A new form of human trafficking that sees children forced to carry out sex acts while being live-streamed for paedophiles to watch online is growing at an “alarming rate”, a charity has warned.

Known as “cybersex trafficking”, the dark crime has become rampant in the Philippines, where police are receiving thousands of referrals every month and nearly 100 children have been rescued in the past year alone. Demand largely comes from Western paedophiles in places including the UK, Canada and the US.

It sees youngsters, usually under the age of 12, forced to perform sex acts on themselves or each other, molested by an adult, or abused in other degrading ways. The youngest victim reported was a two-month-old baby.

In a rescue mission last week, nine child victims aged between two and nine years old were rescued by Filipino authorities. It followed a referral from police in Canada after they discovered a Canadian man was paying a woman in the Philippines to view live-streamed sexual abuse of young children.

The arrested suspect allegedly produced and sent sexually explicit images of very young children via social media to paedophiles overseas in exchange for money.

She allegedly described sex acts that she would force the victims to do on themselves and on other children for the foreign customer watching online from abroad.

The suspect is also alleged to have told her online customers that she could sexually abuse children of any age and that the children could do whatever sex act the customer wanted until the children cried in pain.

She even allegedly offered to sexually abuse a three month old baby in exchange for money but the baby was not found during the operation.

During the rescue mission, the suspect was caught by police in the act of offering to perform sex acts on her own eight-year-old daughter and “live-stream” those sex acts from her home.

The suspect was not poor, and had allegedly demanded thousands of pesos for every child sexual abuse show and had been doing this for several years. She lived in a four-room house with a large LED flat screen TV, two laptops, a tablet and an entertainment centre.

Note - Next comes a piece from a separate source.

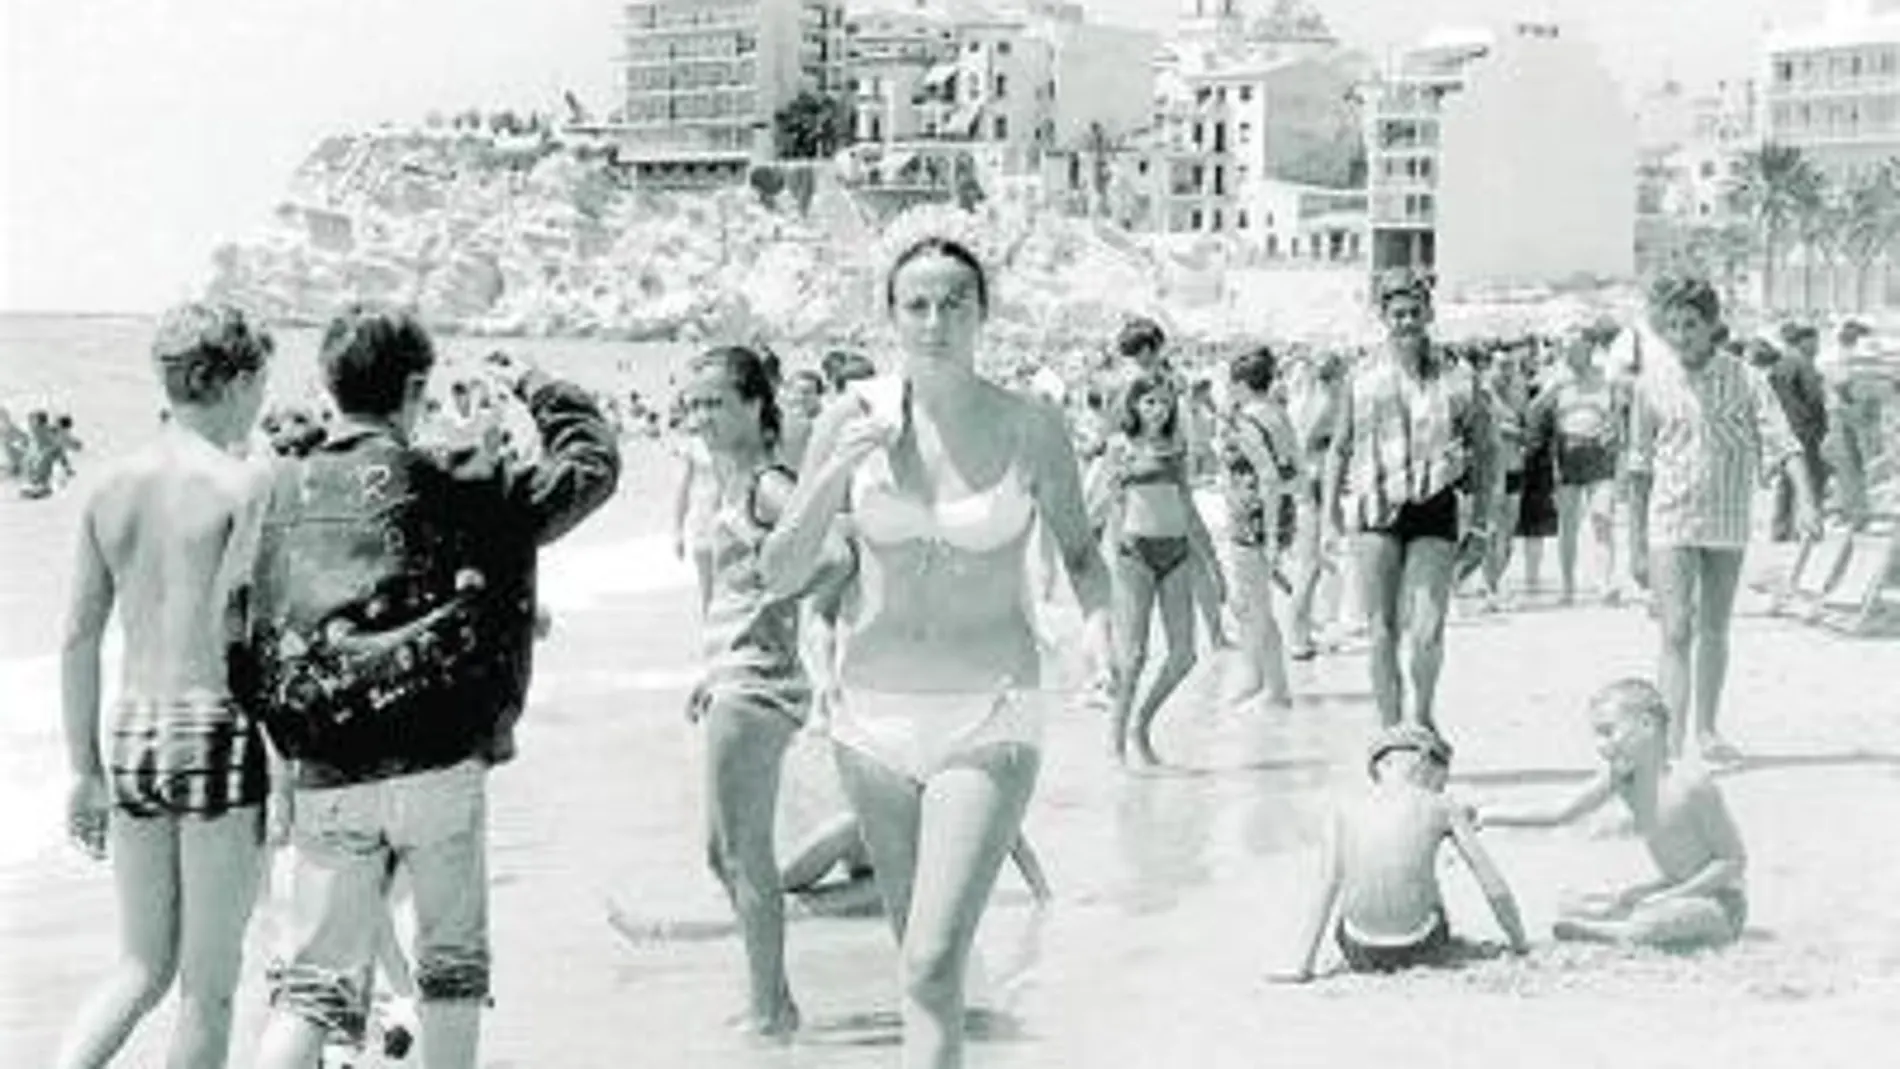 Imagen de los bañistas disfrutando de las vacaciones en una playa durante la década de los 60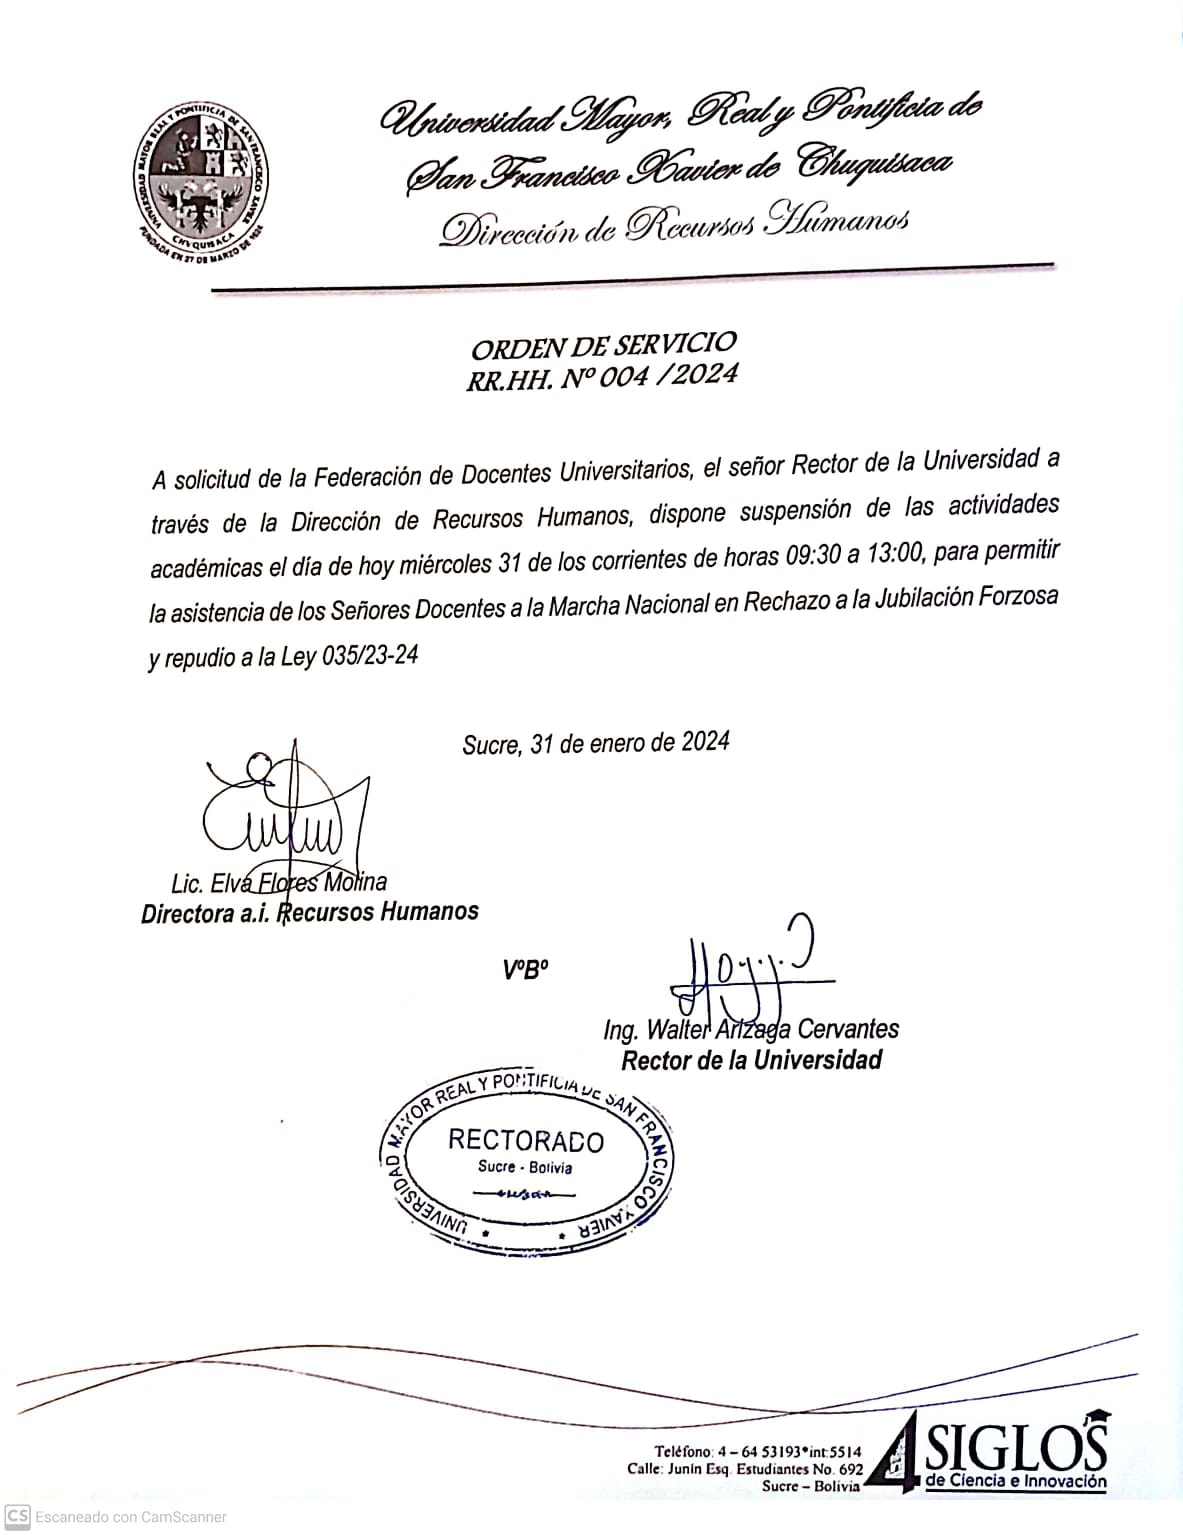 ORDEN DE SERVICIO RR.HH. Nº 004/2024 , SUSPENSIÓN DE ACTIVIDADES ACADÉMICAS.

The International Justice Mission (IJM), a global organisation that protects poor communities from violence by partnering with local authorities, and helped facilitate the latest rescue of Filipino cybersex victims, has warned that the “disturbing” crime is fast-growing.

David Westlake, chief executive of the organisation’s UK branch, said: “Cybersex trafficking of children is a deeply disturbing global problem. Demand largely comes from Western paedophiles in places including the UK, Canada and the US.

“Increased global access to technology and the internet means that this dark crime is growing at an alarming rate. Filipino police alone are receiving thousands of referrals every month.

"International Justice Mission and Filipino police are urgently working with global police and intelligence sources from countries like the UK, US and Canada to help identify victims being abused and then rescue them.

“We urgently need more people to join us in the fight to stop traffickers from stealing the childhoods and innocence of Filipino children in this brutal way.”

Following the arrest of the suspect in the latest rescue, Philippines police superintendent Maria Sheila T Portento, from the Women and Children Protection Center (WCPC), said: “This operation is the clear message that WCPC wants to send to every facilitator/perpetrator of this crime.

“We mean business… that is, put you behind bars and make you accountable for every act of exploitation you commit and every dream of children you destroyed.”